How to complete this task.
Please make sure what you return matches the listing below exactly, minus its pictures.

Information provided.
§ §

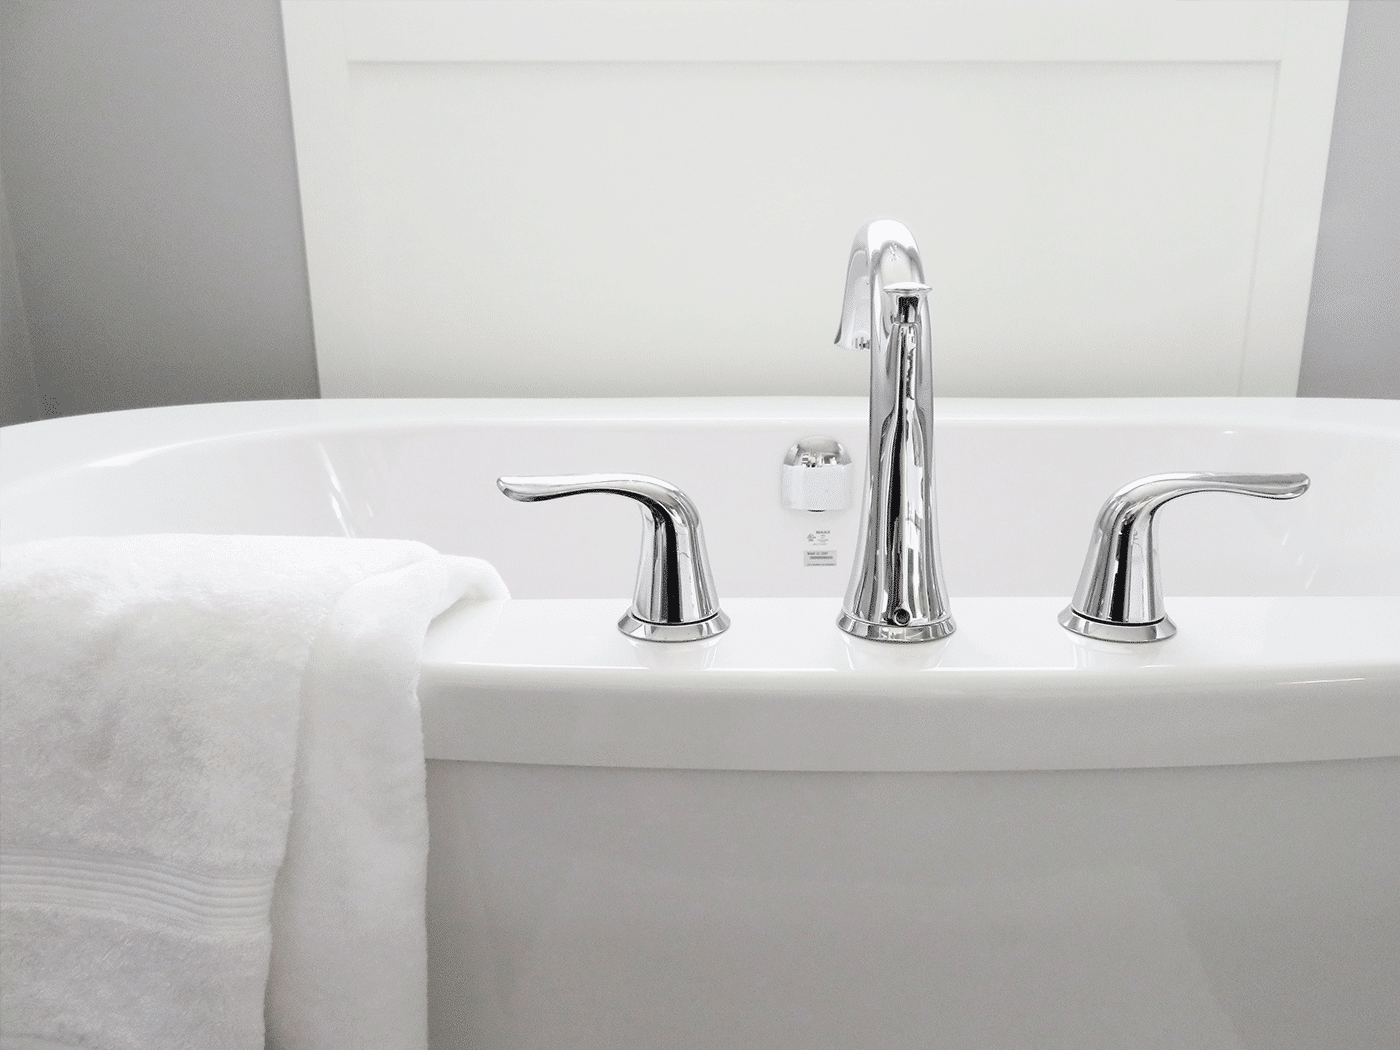 Mélangeur ou mitigeur : quel modèle de robinet salle de bain
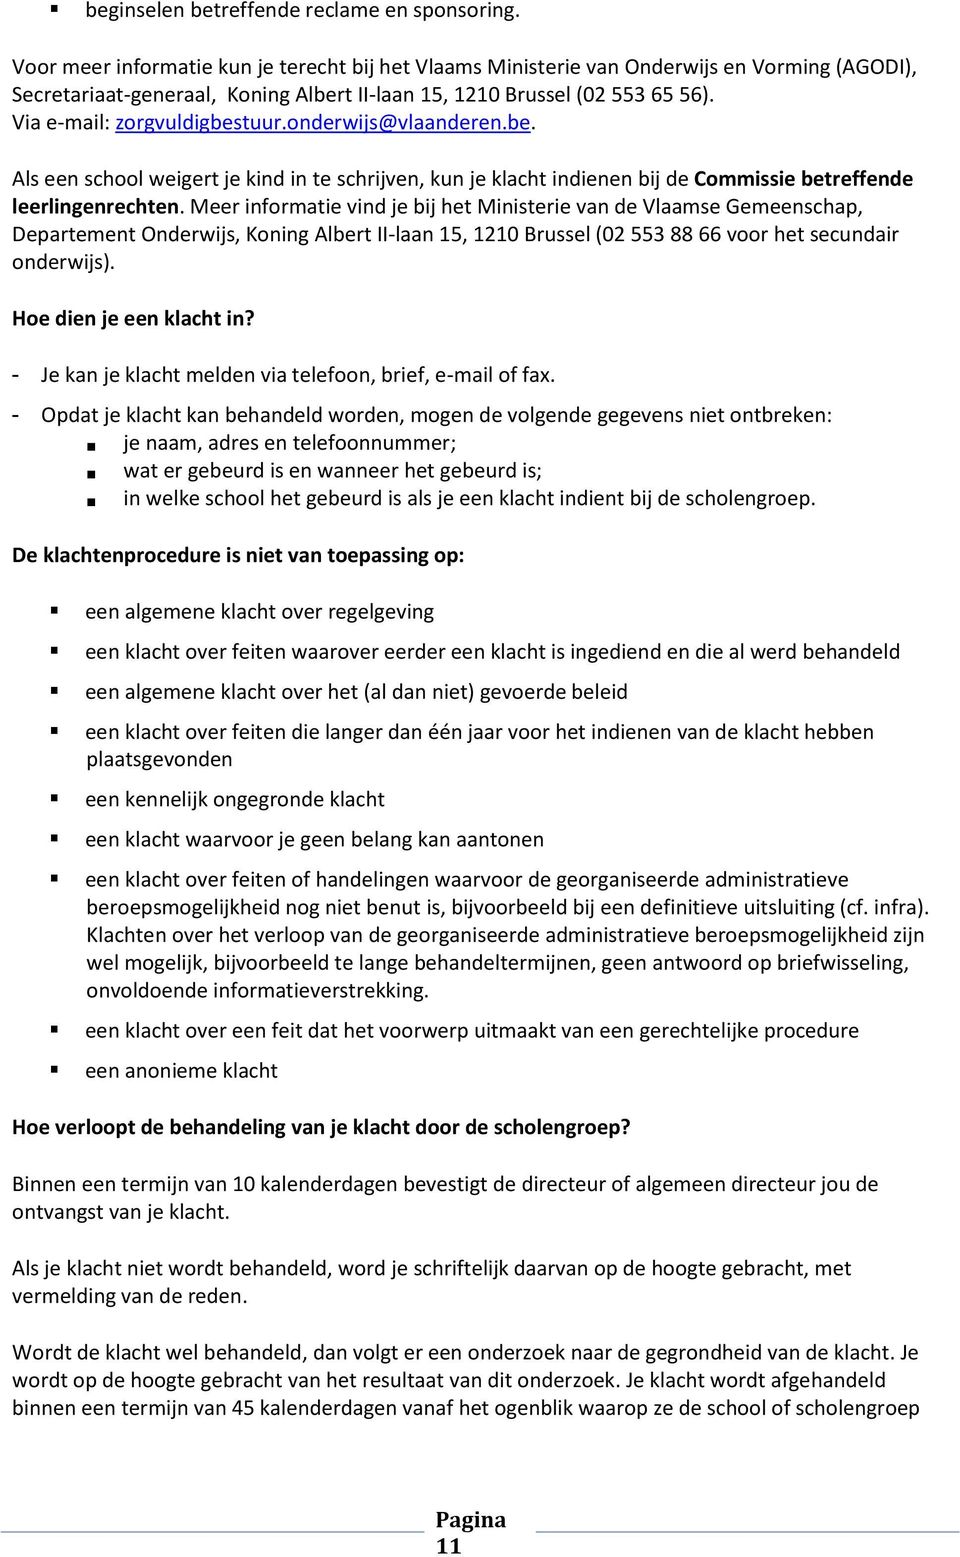 Via e-mail: zorgvuldigbestuur.onderwijs@vlaanderen.be. Als een school weigert je kind in te schrijven, kun je klacht indienen bij de Commissie betreffende leerlingenrechten.
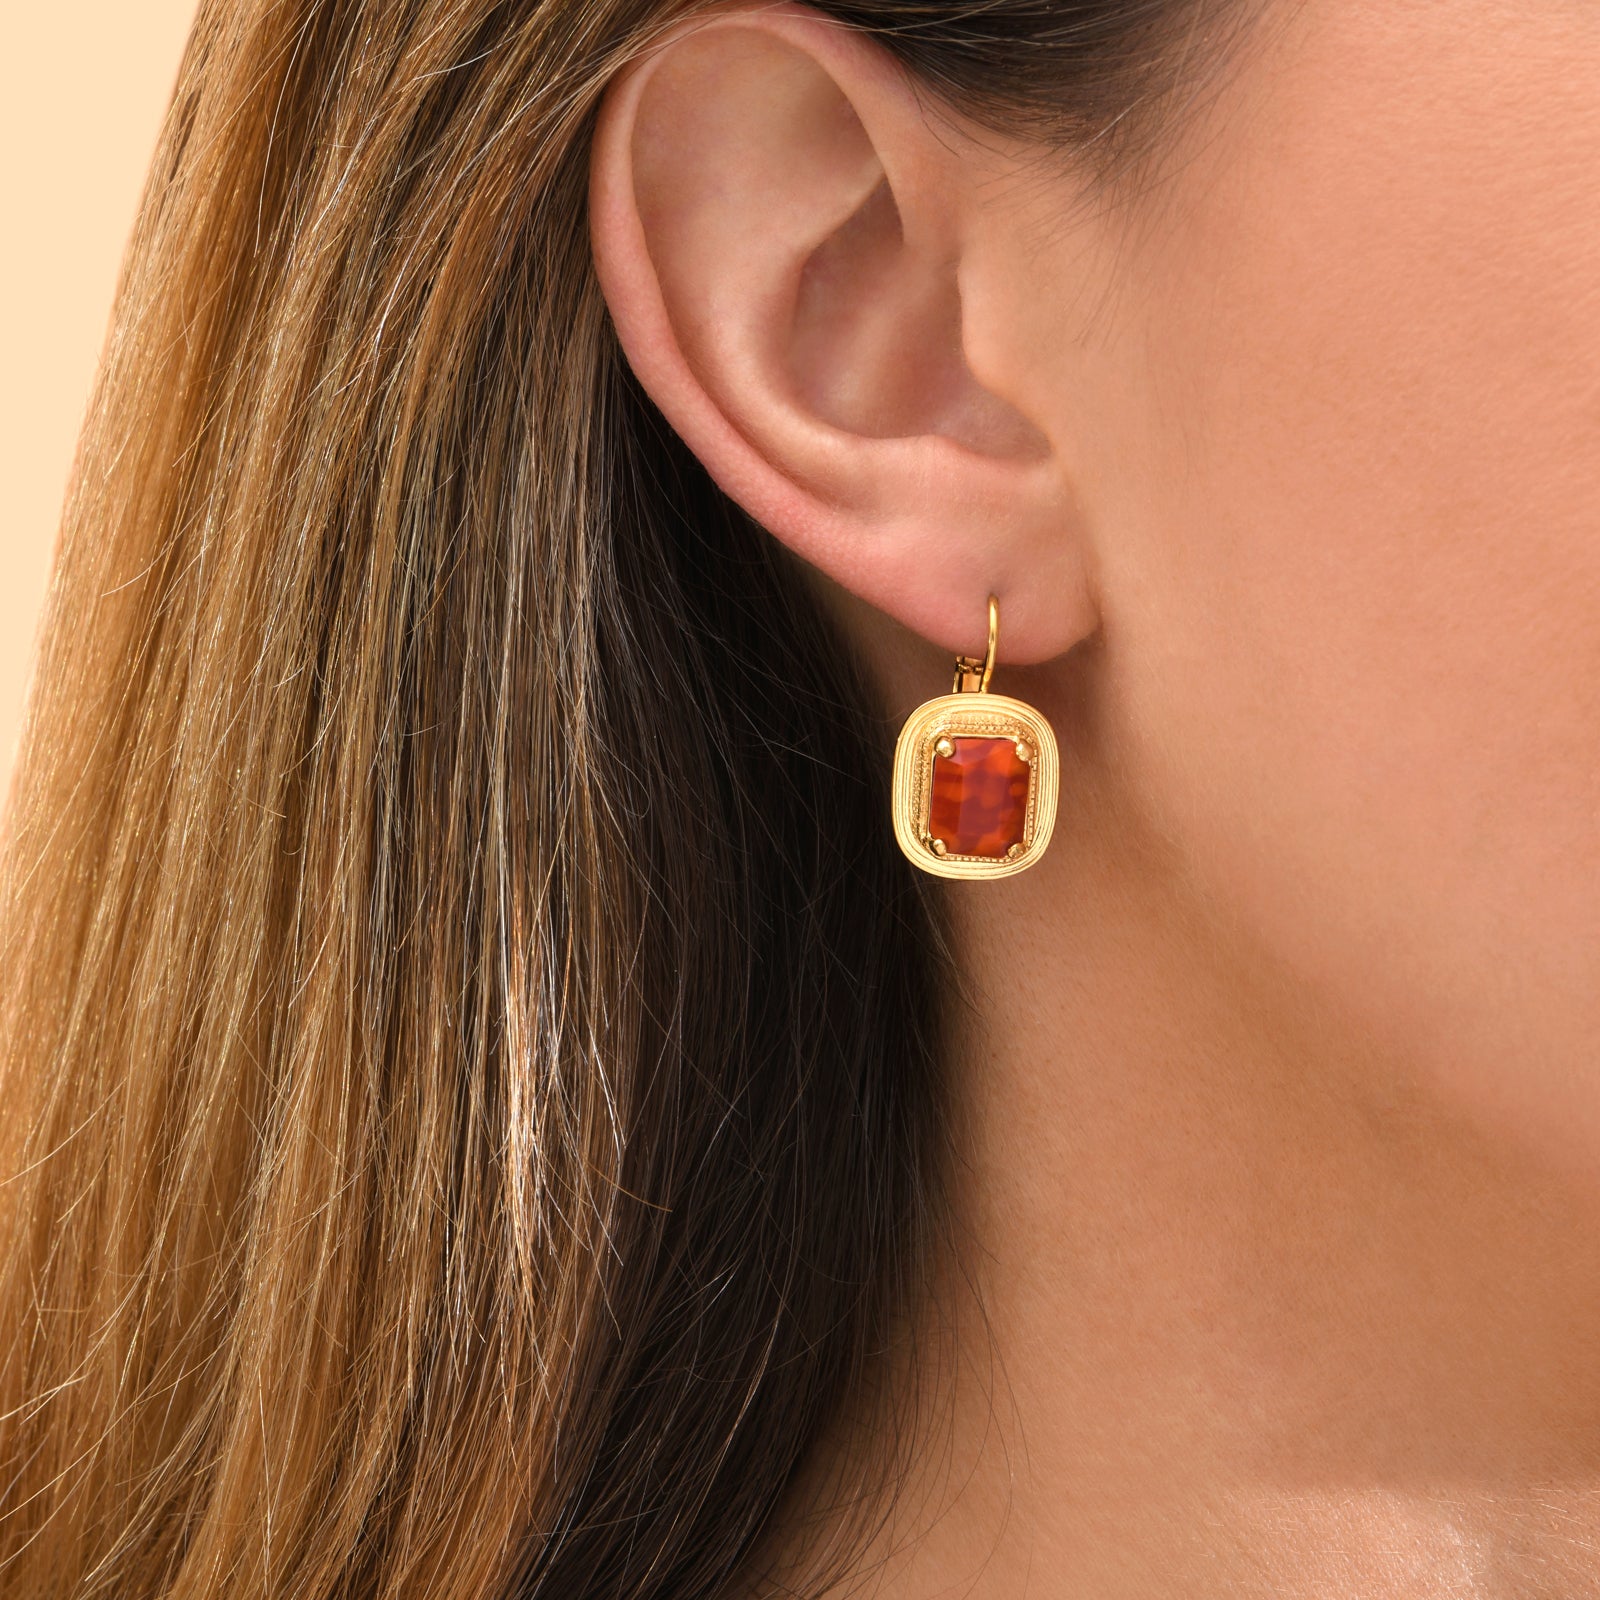 Art Deco style earrings in red

§ §

Task output.
 Mélangeur ou mitigeur : quel modèle de robinet salle de bain
 Via e-mail: zorgvuldigbestuur.onderwijs@vlaanderen.be. Als een school weigert je kind in te schrijven, kun je klacht indienen bij de Commissie betreffende leerlingenrechten.
 Art Deco style earrings in red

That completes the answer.